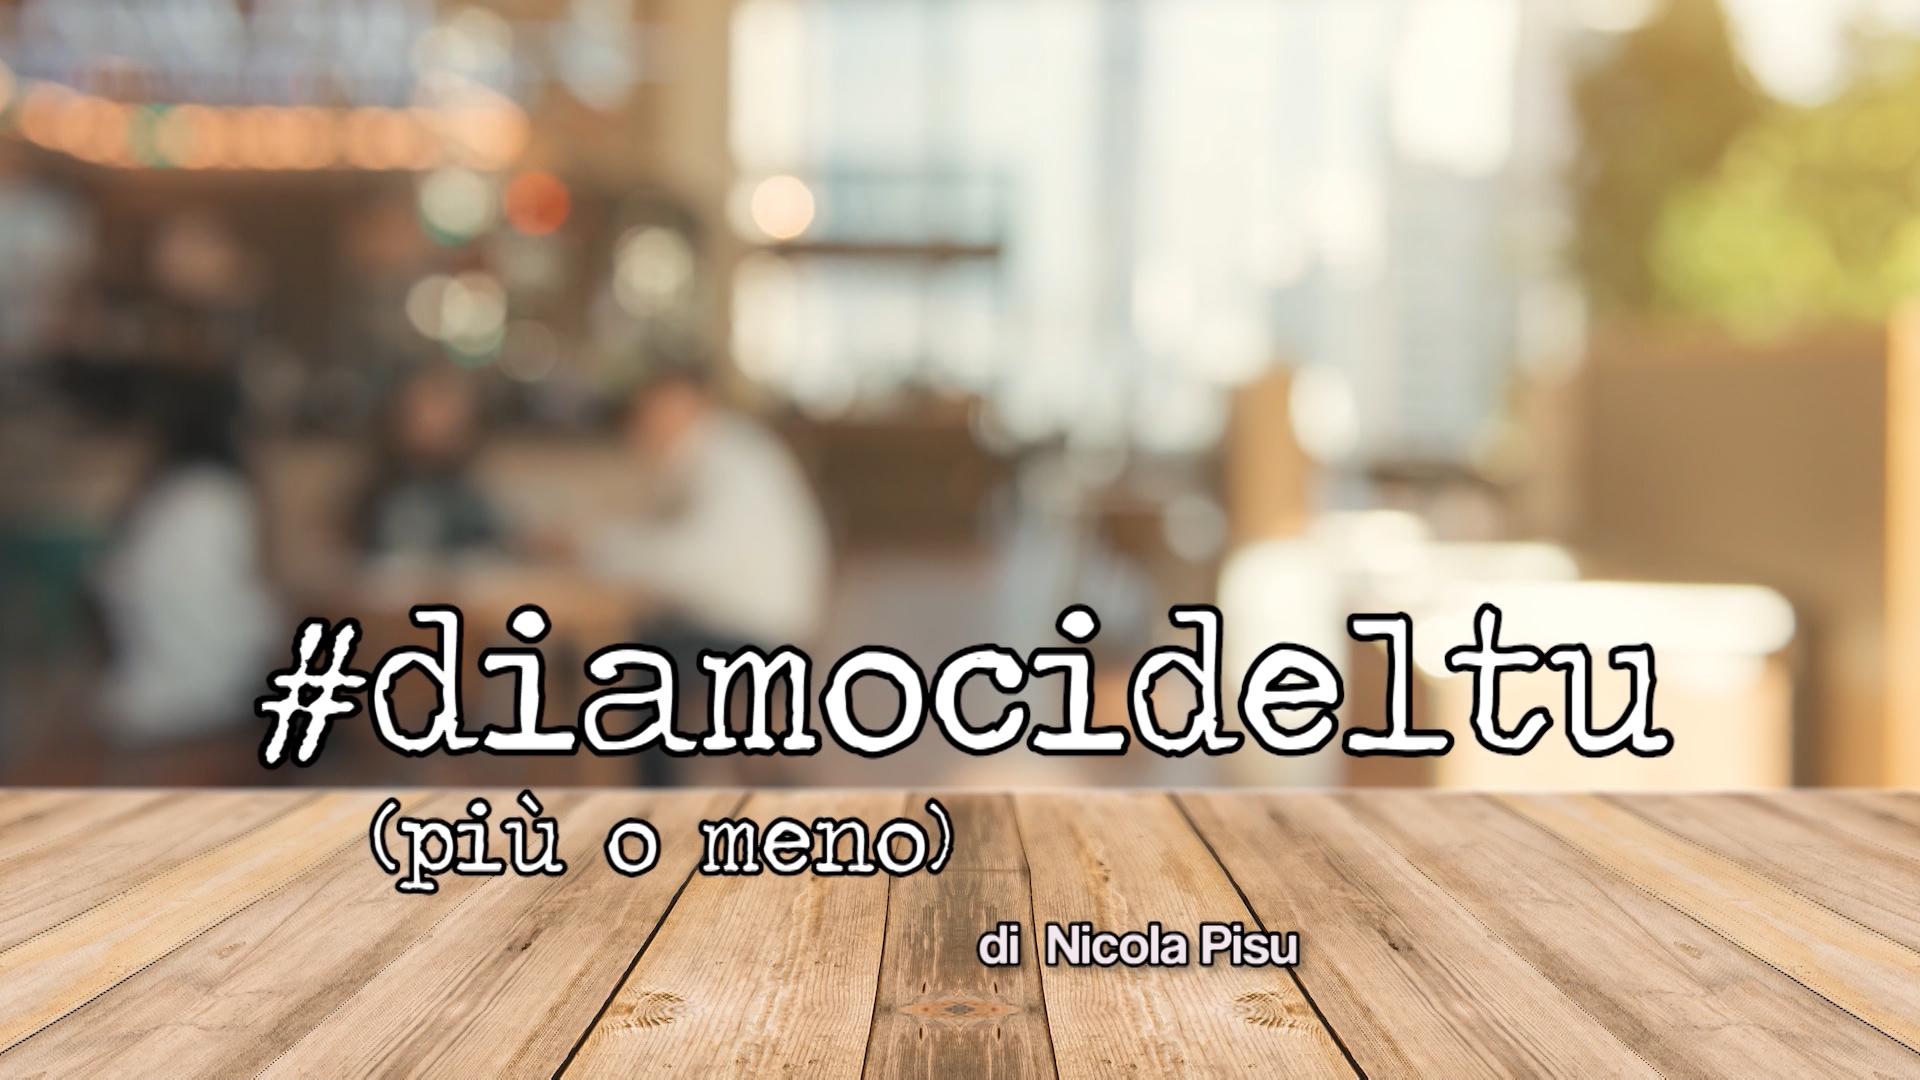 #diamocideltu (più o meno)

=-=-=-=-=

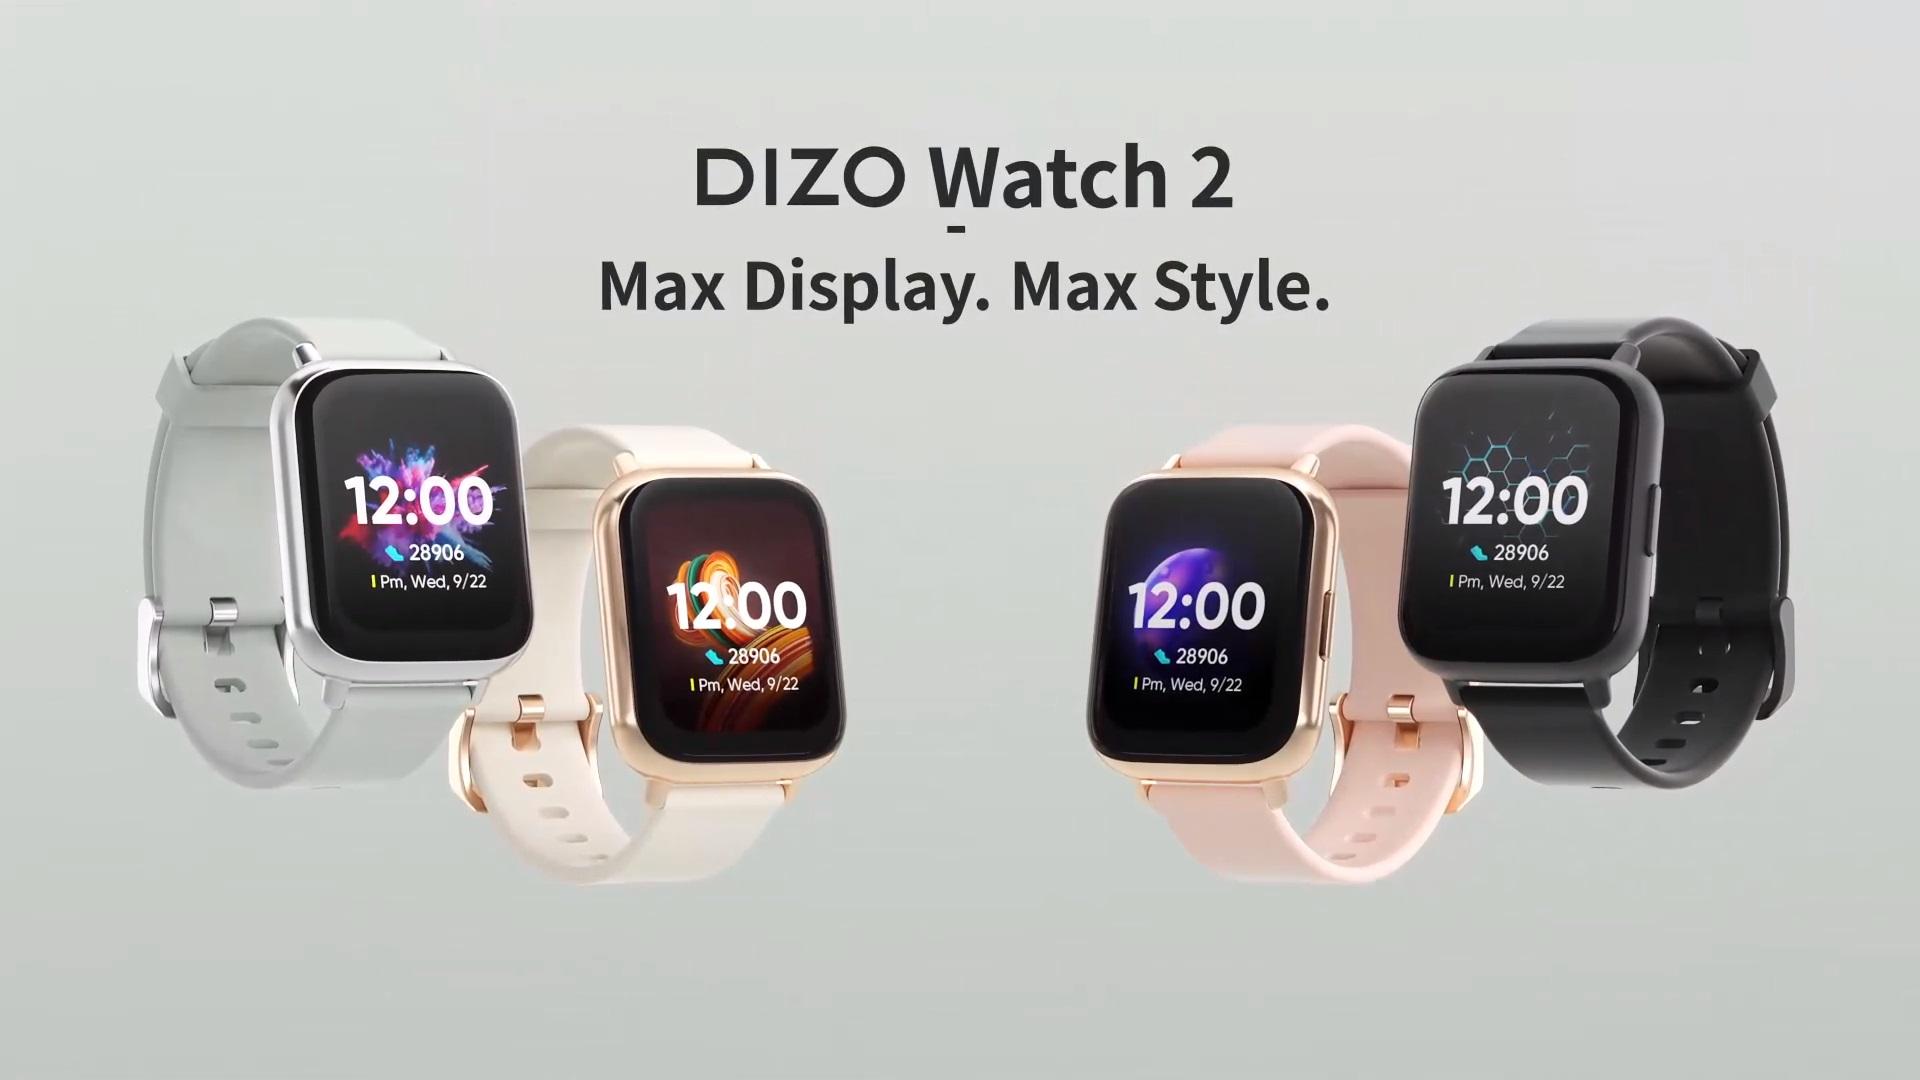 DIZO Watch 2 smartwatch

=-=-=-=-=

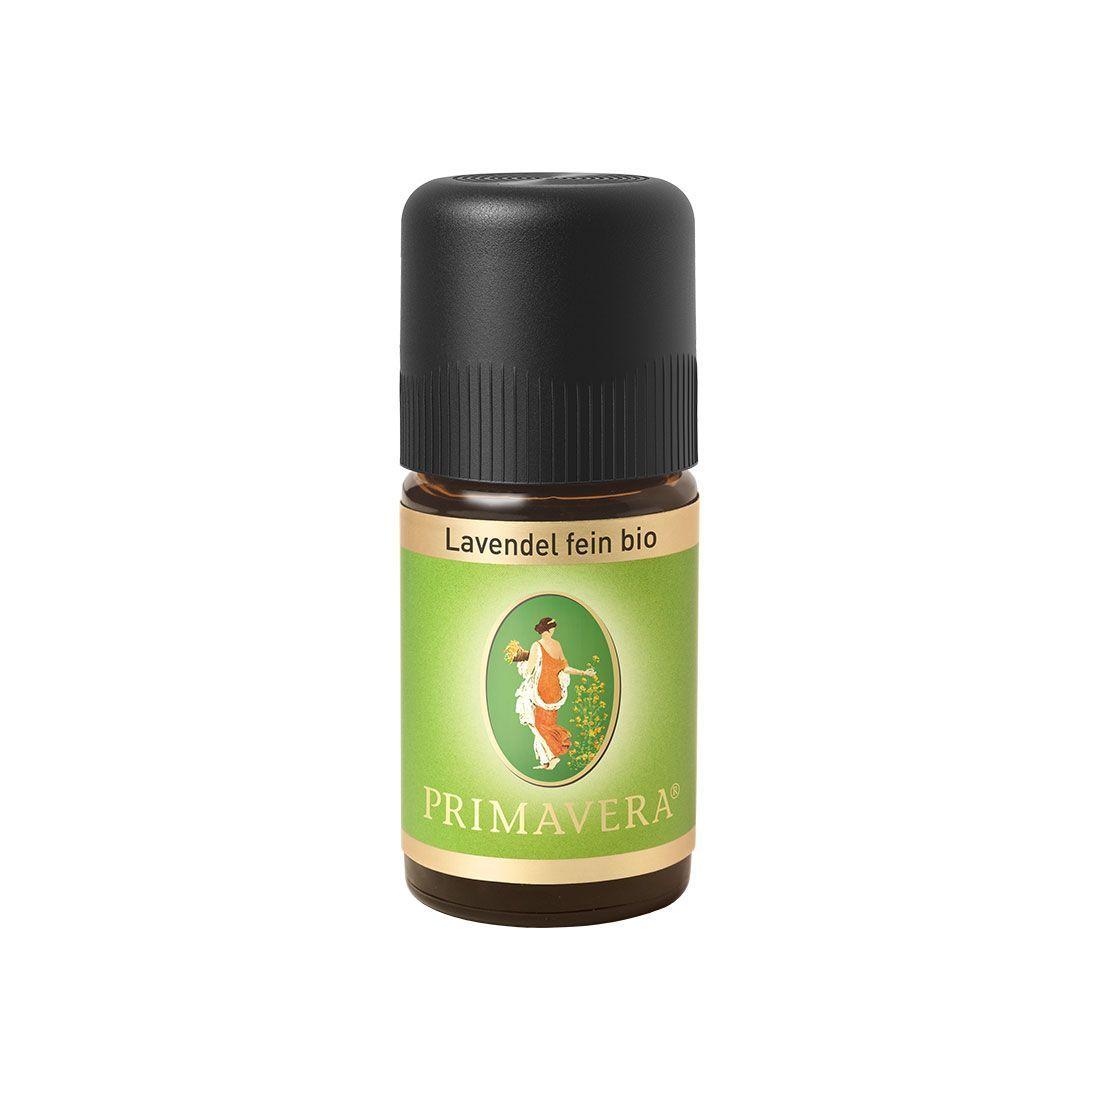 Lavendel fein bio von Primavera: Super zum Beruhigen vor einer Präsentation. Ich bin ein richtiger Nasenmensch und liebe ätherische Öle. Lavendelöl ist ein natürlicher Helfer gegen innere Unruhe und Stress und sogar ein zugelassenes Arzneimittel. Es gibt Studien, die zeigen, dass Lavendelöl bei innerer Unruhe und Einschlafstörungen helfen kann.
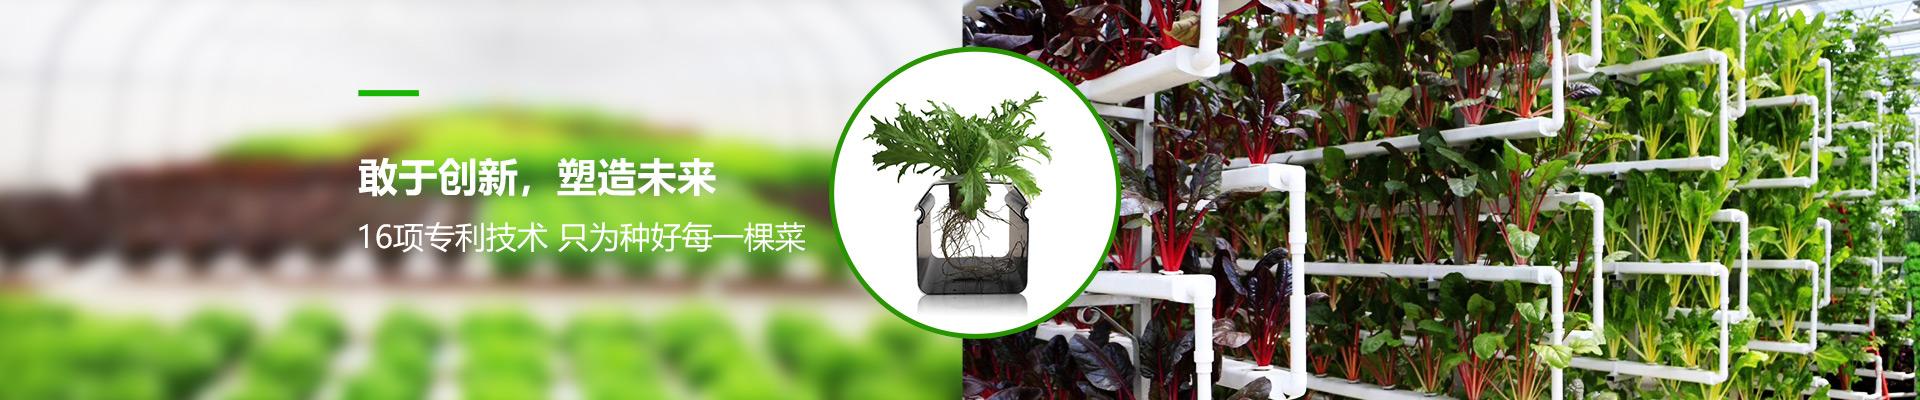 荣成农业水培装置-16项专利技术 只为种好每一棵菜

=-=-=-=-=

Copy only the lines above from the one containing "Lavendel fein bio" through the one containing "荣成农业水培装置-16项专利技术 只为种好每一棵菜", both included. Leave out the pictures.

 Lavendel fein bio von Primavera: Super zum Beruhigen vor einer Präsentation. Ich bin ein richtiger Nasenmensch und liebe ätherische Öle. Lavendelöl ist ein natürlicher Helfer gegen innere Unruhe und Stress und sogar ein zugelassenes Arzneimittel. Es gibt Studien, die zeigen, dass Lavendelöl bei innerer Unruhe und Einschlafstörungen helfen kann.
 荣成农业水培装置-16项专利技术 只为种好每一棵菜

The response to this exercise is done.